キバは、いつまでも進まないやり取りに、作者より先に切れた。


「もぉいい! さっさと説明しろ。」


「何や、もぉ終わりか? もうちょい楽しみたかったんやけどな? 盛り上がってきたとこ…。すまん。」


調子に乗るセロを睨み付けて黙らせる。


「ゴホンッ! まぁ、あれや、まず質問やけど、パーティー組んでもレベルとHP、MP以外は見られへんのよな?」


「あぁ、そうだ。」


やっと真面に進みそうだ。正直、助かる。すでに6,000字近くになっている。


「ほなら、信用してもらうしか無いんやけどな。」


「何だ? とりあえず言ってみろ。」


「僕の“運”は三十二や。キバはなんぼや?」


「なっ!?」


レベルも上がったことだしと、驚きながらもとりあえず自身のステータスを確認するキバ。


「俺は…“一”だ!!」


レベルが上がっても、運だけは全く変化していないようだった。


「そうか。思っとったより低いな…まぁ、これがレア物が多い理由やと思うで? 今ならパラメーターの重要性って、キバにもわかるやろ? 平均ってどんなもんなんや?」


パラメーターの重要性については、嫌というほど実感してしまっていた。だから余計にセロに大きく差をつけられているのが納得出来ない。

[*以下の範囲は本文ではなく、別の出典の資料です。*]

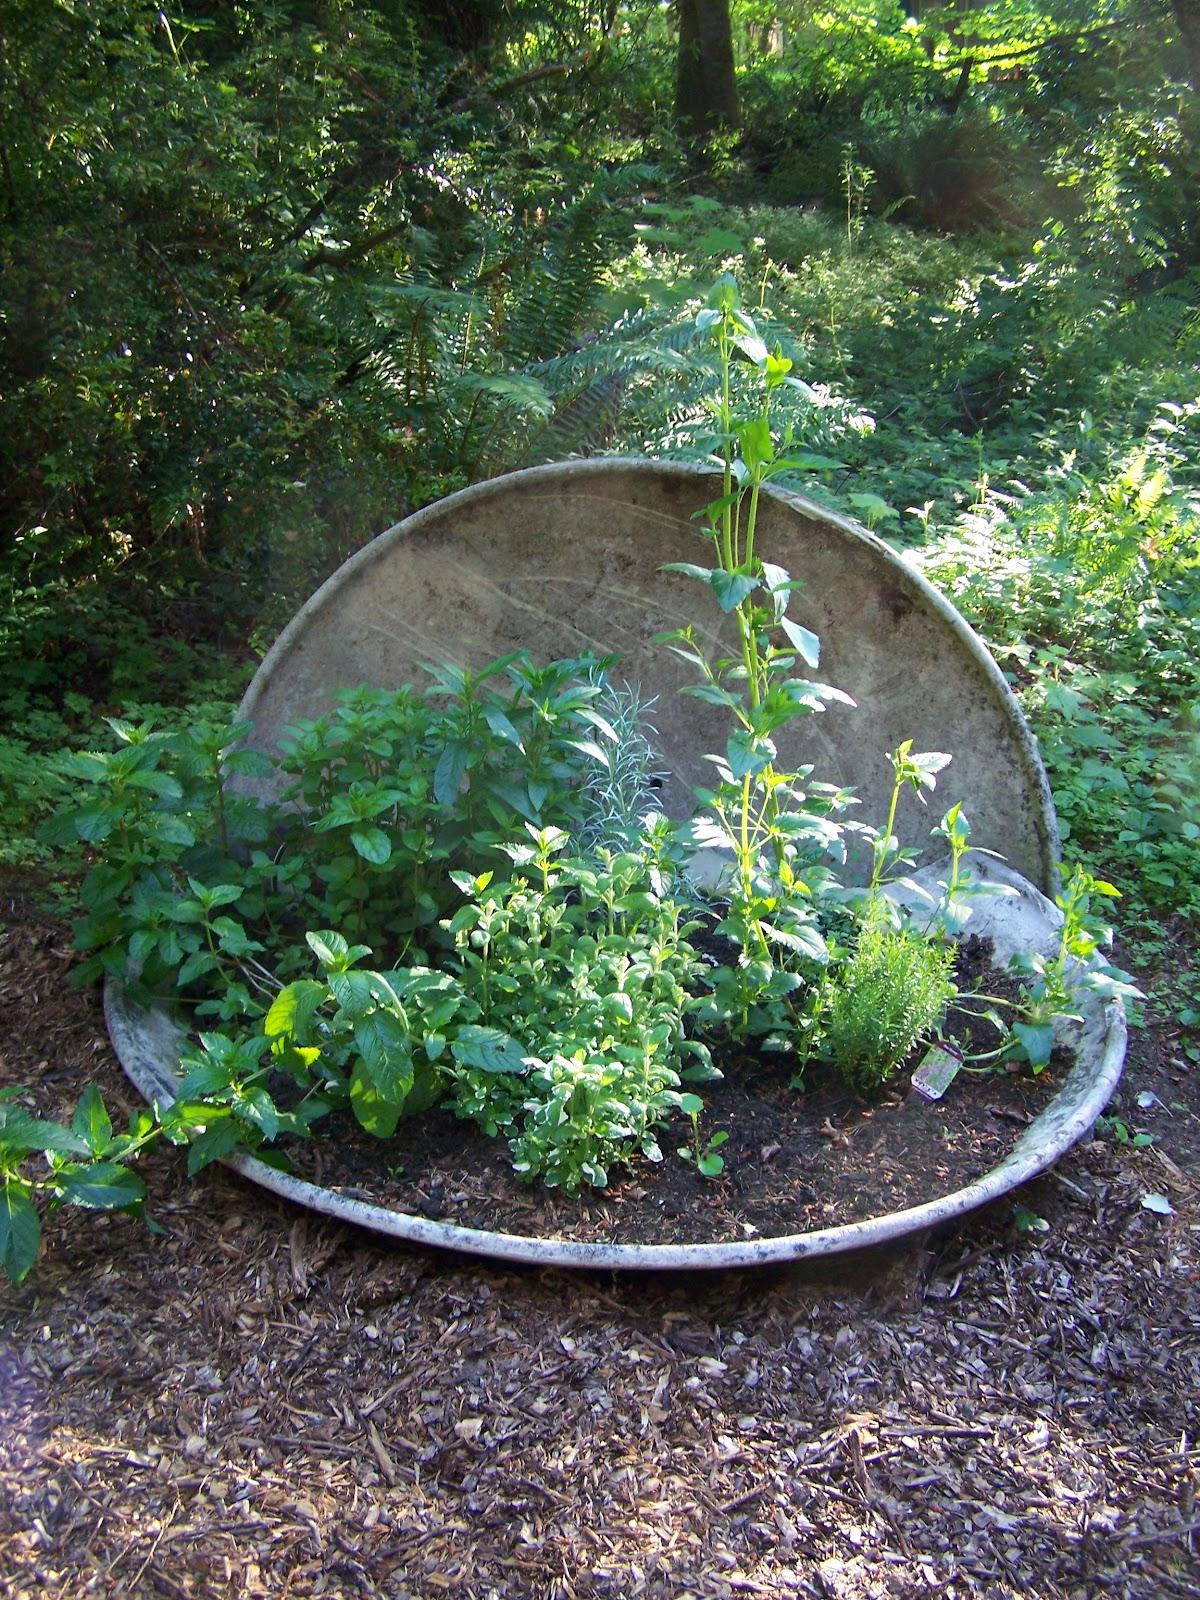 Chef Garden: A Not-So Secret Chef's Garden

「…。平均なんか知らねぇ! パラメーターとかレベルなんて、意味のないものだって思ってたから話題にも上がらねぇんだよ! だから、お前が異様に高いのか、俺が異様に低いのかはわからねぇ!!」


「そっか…ありがとうな。」


「何がっ!?」


「僕の運の数値は信じてくれてるみたいやから。昨日出会ったばっかの人間なんかを信じてくれて、ありがとう。」


確かにそうだ、何故素直にこいつを信じてるんだろうか。キバは自分に問うが、答えは返ってこなかった。

じっと見つめるセロを無視してキバは答えを考え続けた。


「あっそういや、これも分からんか?」


そう言ってセロが取り出したのは、三つの石。“白の石”という名の黄色い石ころだった。“碧の石”と双対をなす様に瓜二つのその石をやっぱりキバは知らなかった。

セロは仕方なく、鞄の中に戻す。


「「あぁ〜!!!!」」


鞄の中でずっと寝っていたくせに、こんな時には顔を出す。セロが鞄に戻すのを待っていたかのように、ローザは口を開いていた。

三つの白の石はローザが美味しく召し上がりました。


そしてまた、皮鞄の中で深い眠りに入るローザだった。